## Given data
........
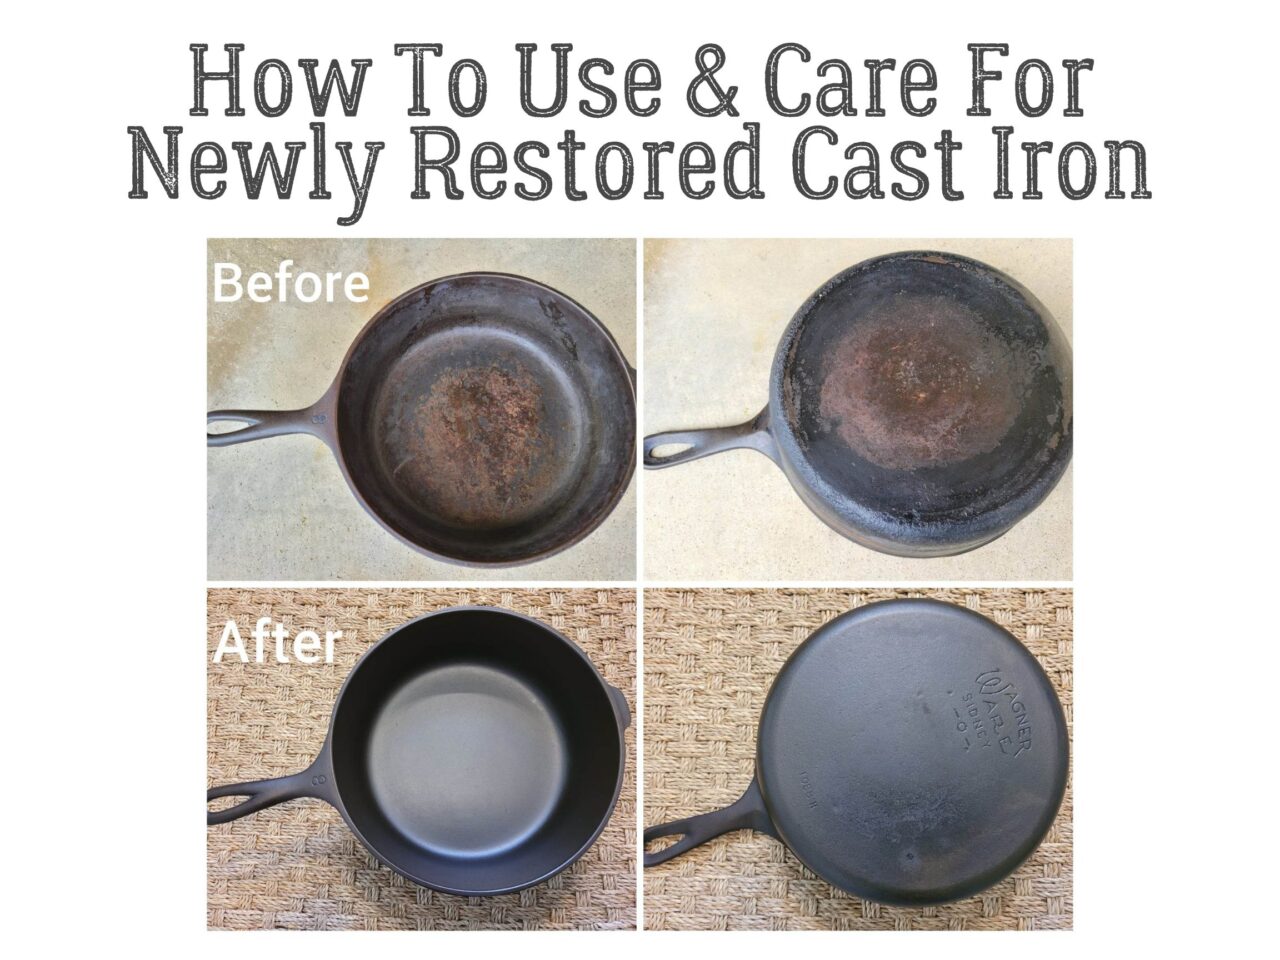 Campfires and Cast Iron - Camping Recipes & Cast Iron Care
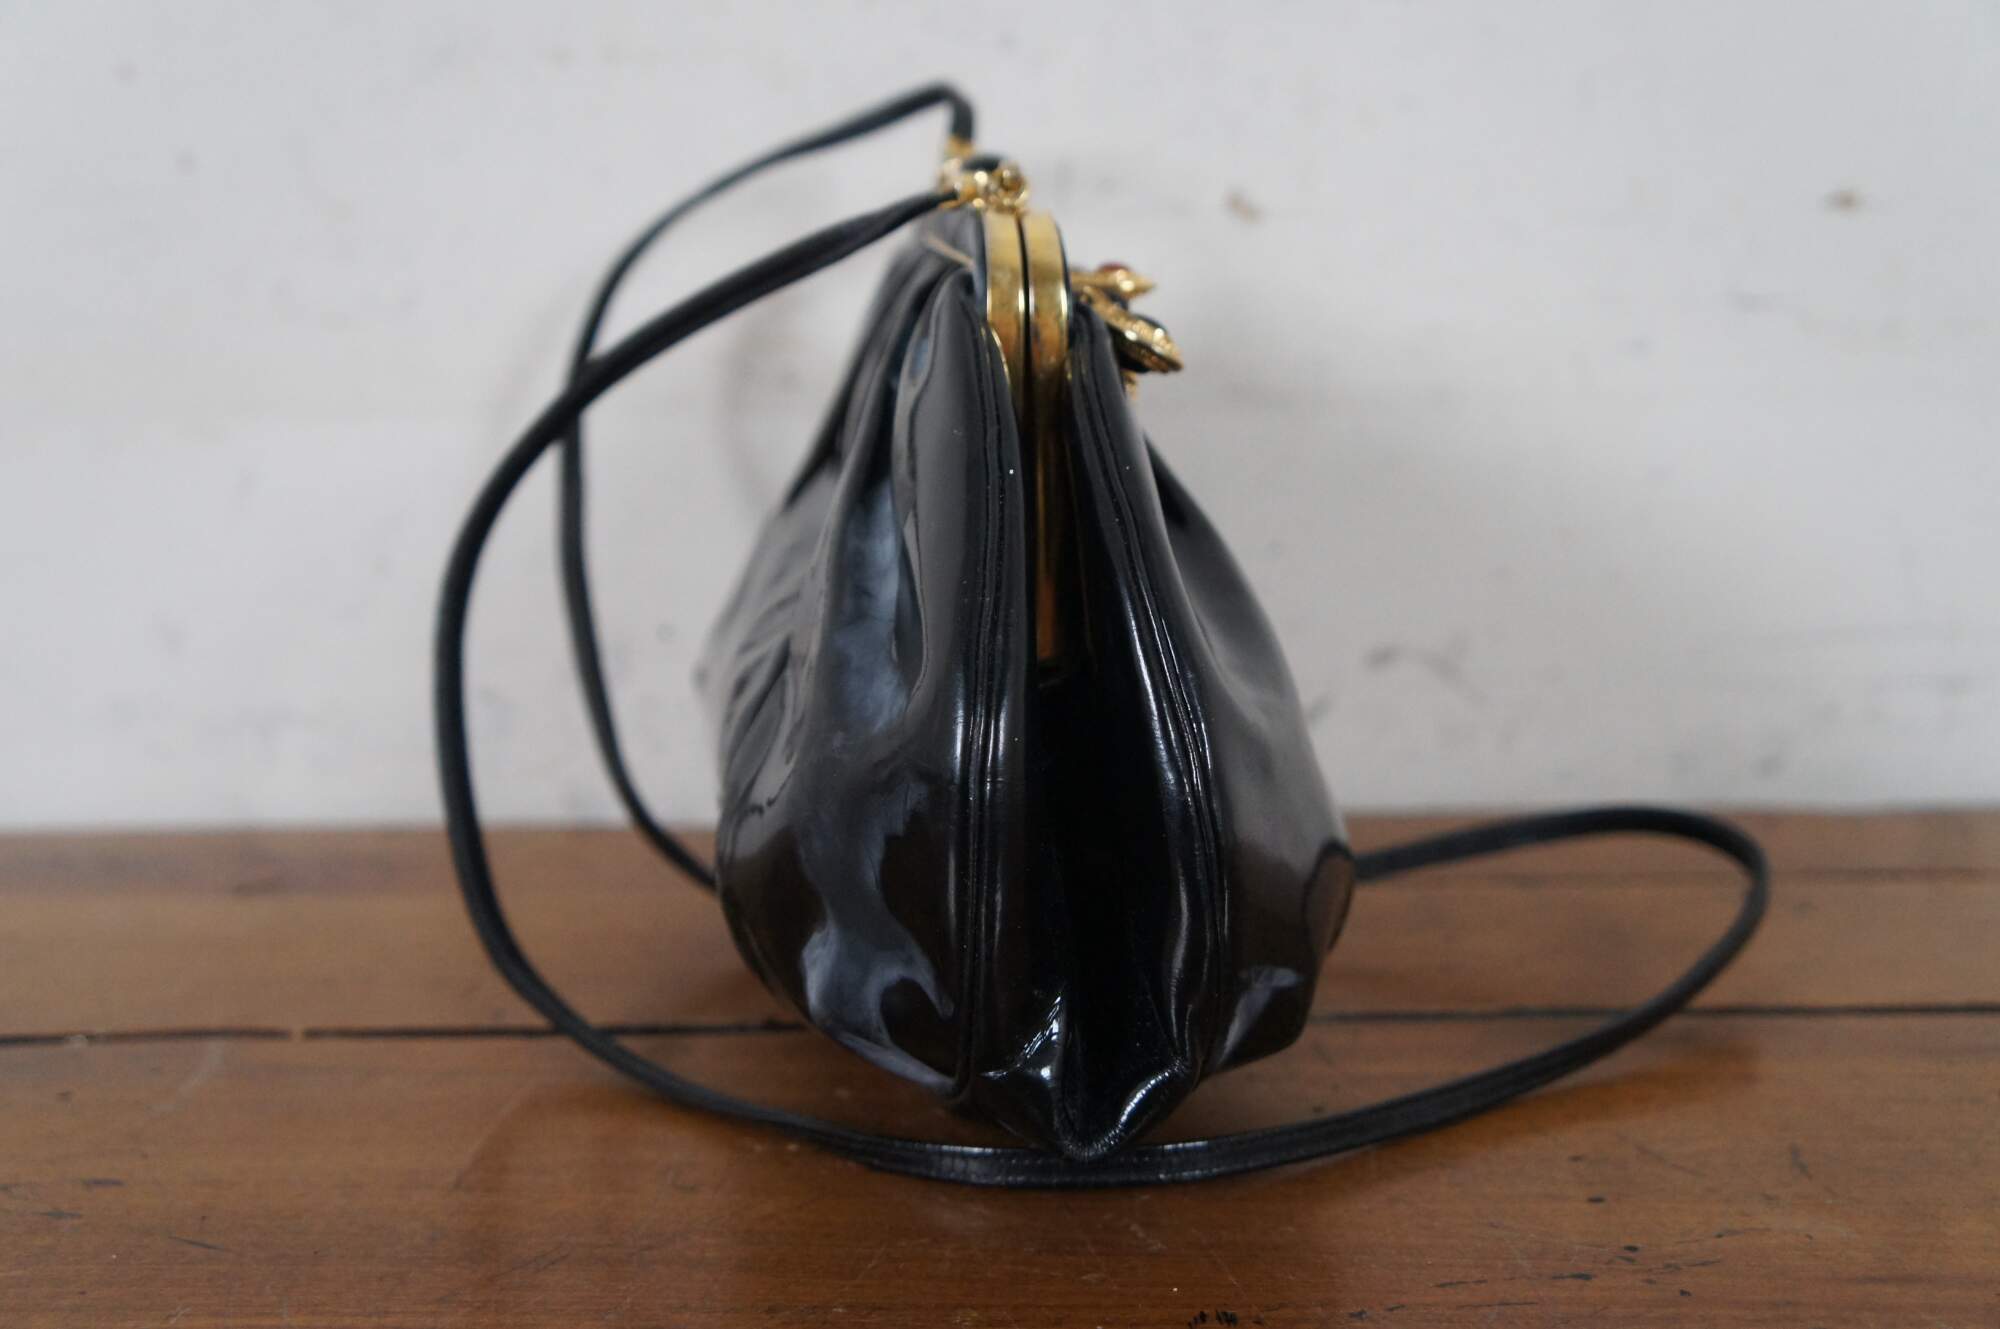 Vintage Judith Leiber Italian Patent Leather Bag Mirror Comb Coin Purse
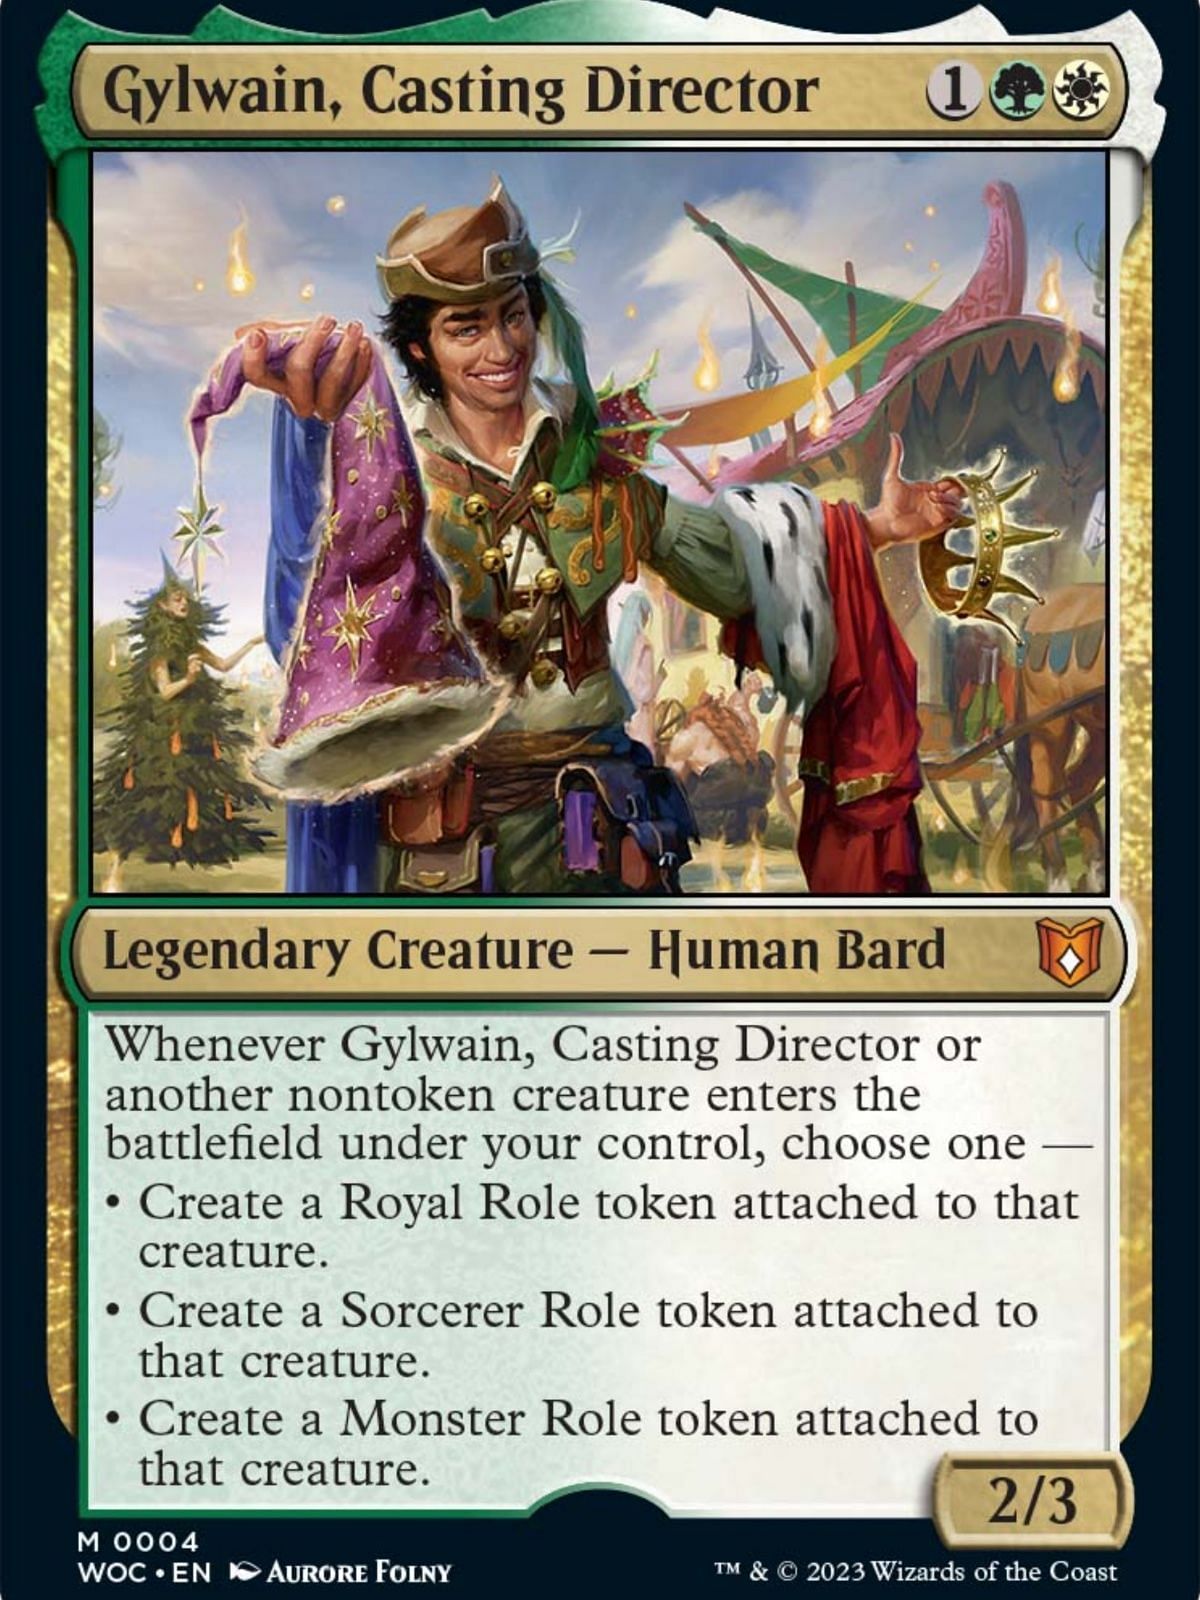 Gylwain, Casting Director in MTG (Image via Wizards of the Coast)
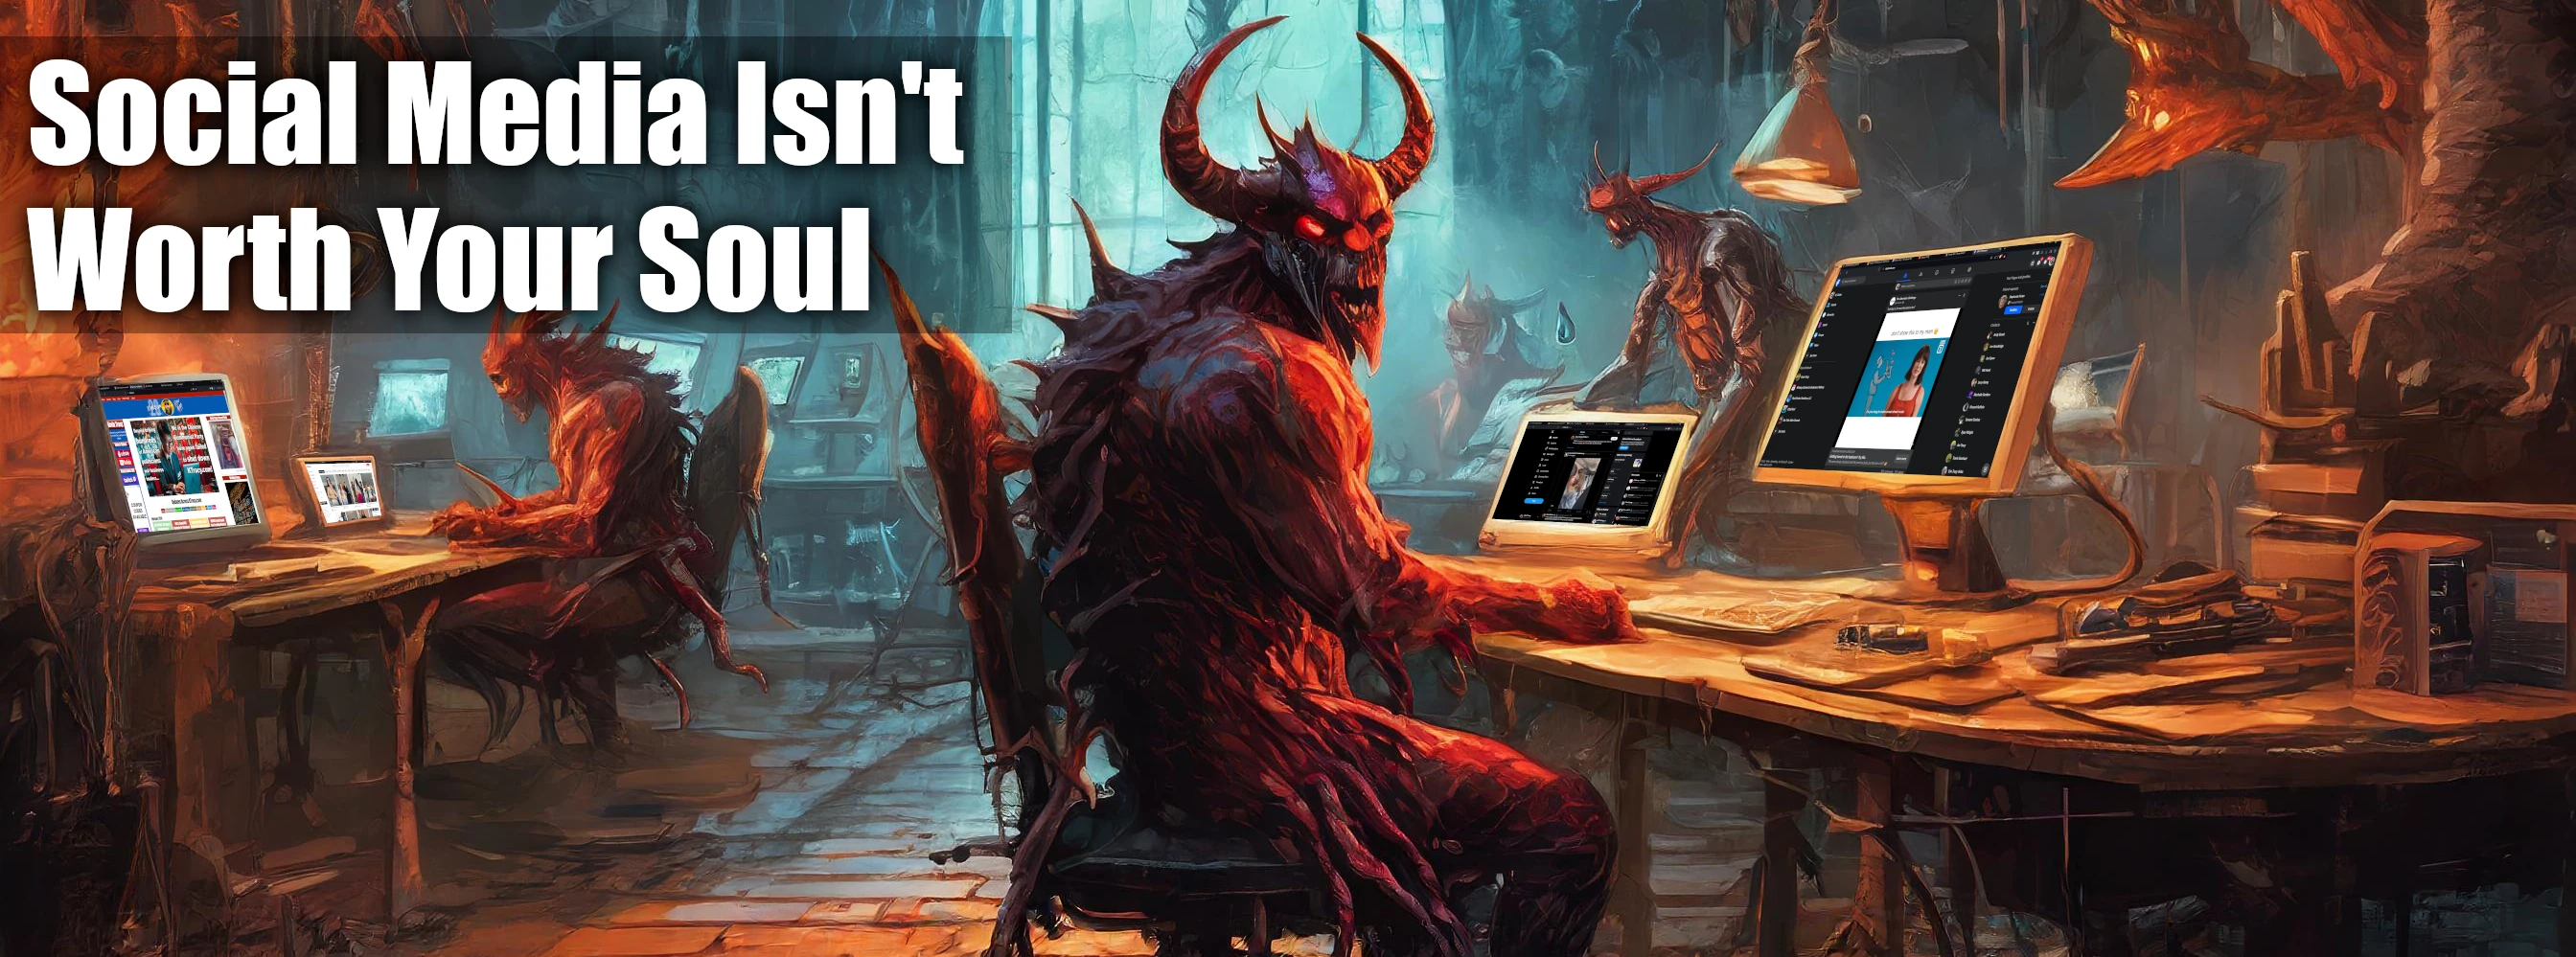 Art of demons using social media with the caption: Social Media Isn't Worth Your Soul.
........
## Problem requirements
Write out exactly, with no pictures, each line from the one containing "Gylwain, Casting Director" through the last line of the listing above, both included.

## Finished task
 Gylwain, Casting Director in MTG (Image via Wizards of the Coast)
 Art of demons using social media with the caption: Social Media Isn't Worth Your Soul.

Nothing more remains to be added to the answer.